Dawson premiu o botão.
"McMurdo para o capitão Nicholas."
"Estou aqui."
"Capitão, chegaram-nos informações perturbadoras sobre o comportamento da
plataforma de gelo de Larsen , Rothera disse-me que o senhor está perto."
"Afirmativo."
"Consegue vê-la?"
"Sim, sim. Encontra-se ali ao fundo. Estou a vê-la."

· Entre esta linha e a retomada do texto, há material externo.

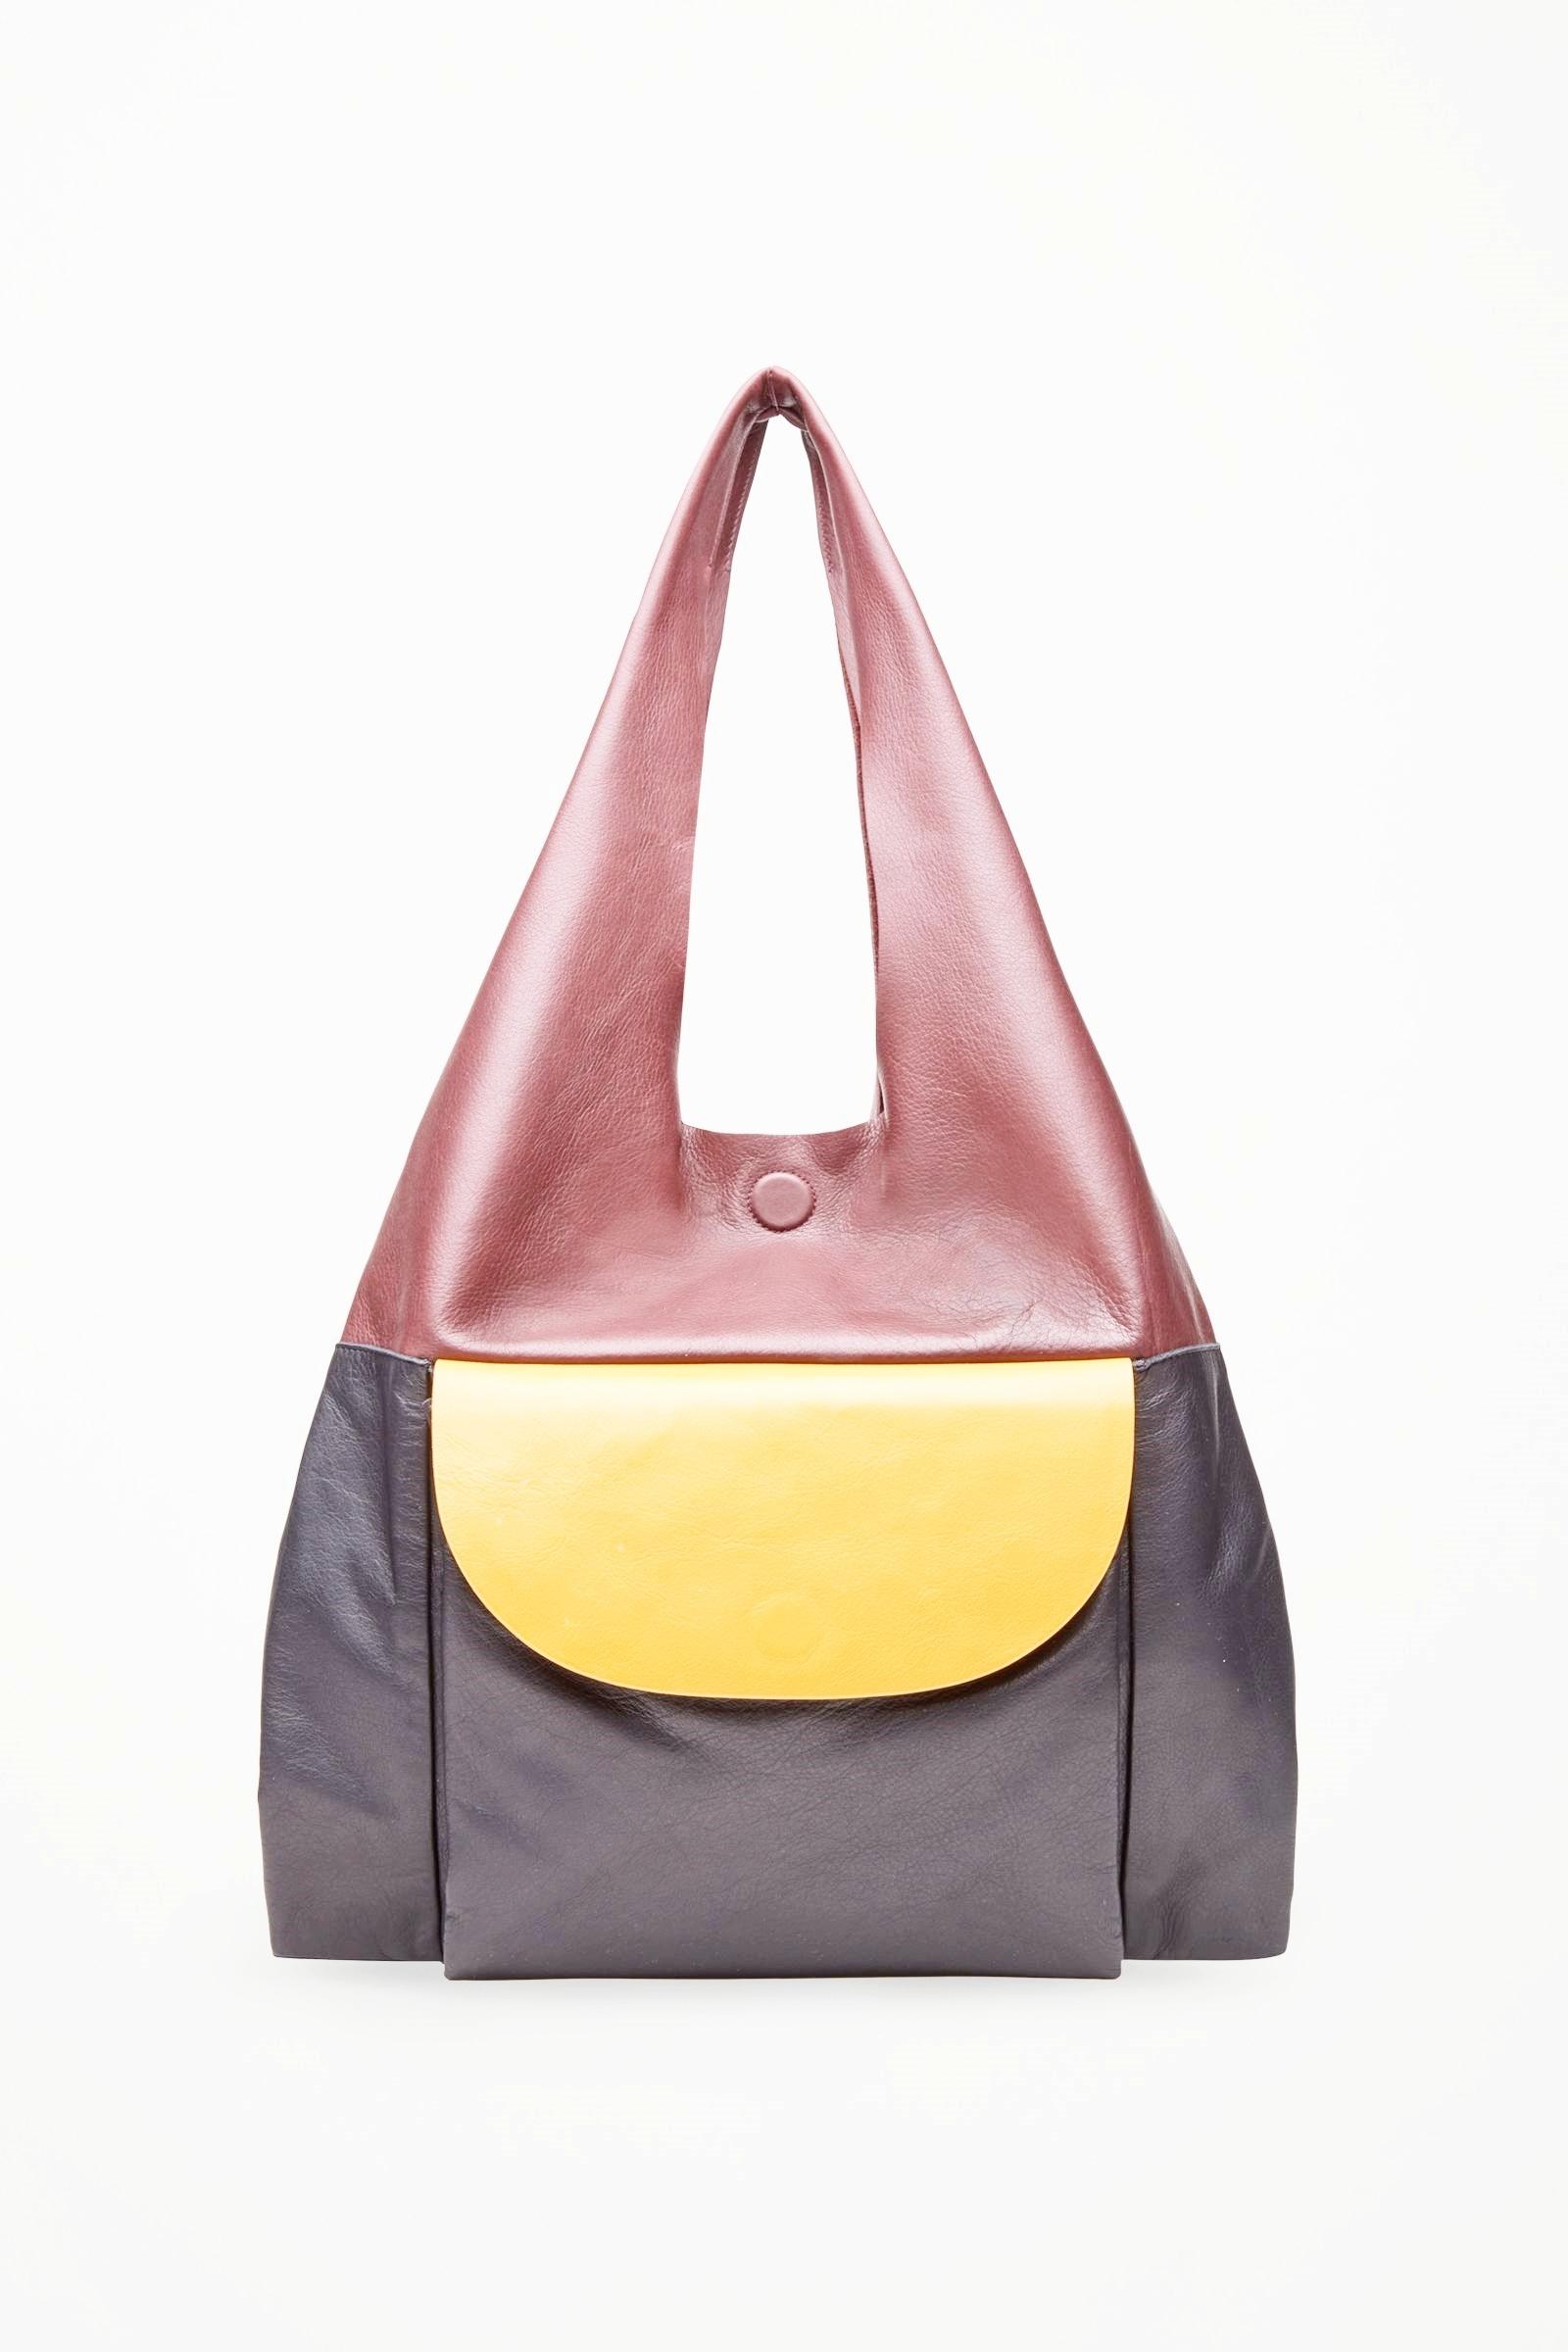 Bag, £125, Cos

"Nota alguma coisa de anormal?"
"Está a referir-se a qual das plataformas? B ou C?"
"Larsen B, capitão."
"Um momento, vou pôr os binóculos."
Crrrrrrrrrrr.
"Então, está a vê-la?"
Crrrrrrrrrrr.
"Uh... sim... quer dizer, não sei."
"Então?"
Crrrrrrrrrrr.
"Há... há uma coisa estranha. Não sei... espere."
"Capitão Nicholas?"
Crrrrrrrrrrr.
"Estou a ver... estou a ver uma nuvem a erguer-se do... da plataforma."
"Uma nuvem?"
"Parece... sei lá, parece vapor."
"Uma nuvem de vapor?"
Crrrrrrrrrrr.
"Meu Deus!"
"Capitão Nicholas ?"
"A plataforma... A plataforma..."
"O que se passa?"
"Meu Deus!"
"O que se passa?"
Crrrrrrrrrrr.
"A plataforma está a desmoronar-se!"
A trepidação era permanente, mas não impediu Dawsone Radzinski de dormitarem
um pouco. O voo durava havia um punhado de horas e parecia não acabar, embora a isso
os dois cientistas estivessem resignados; afinal, antes de embarcarem ambos sabiam que
aquele não era o mais confortável dos aviões. O Hércules C-130 sempre foi um aparelho
muito seguro, o único avião de carga capaz de aterrar sem problemas no Pólo Sul, mas,
com os seus quatro motores a hélice, assentos rudimentares e aquela vibração barulhenta,
dificilmente seria a opção mais popular entre os amantes da classe executiva.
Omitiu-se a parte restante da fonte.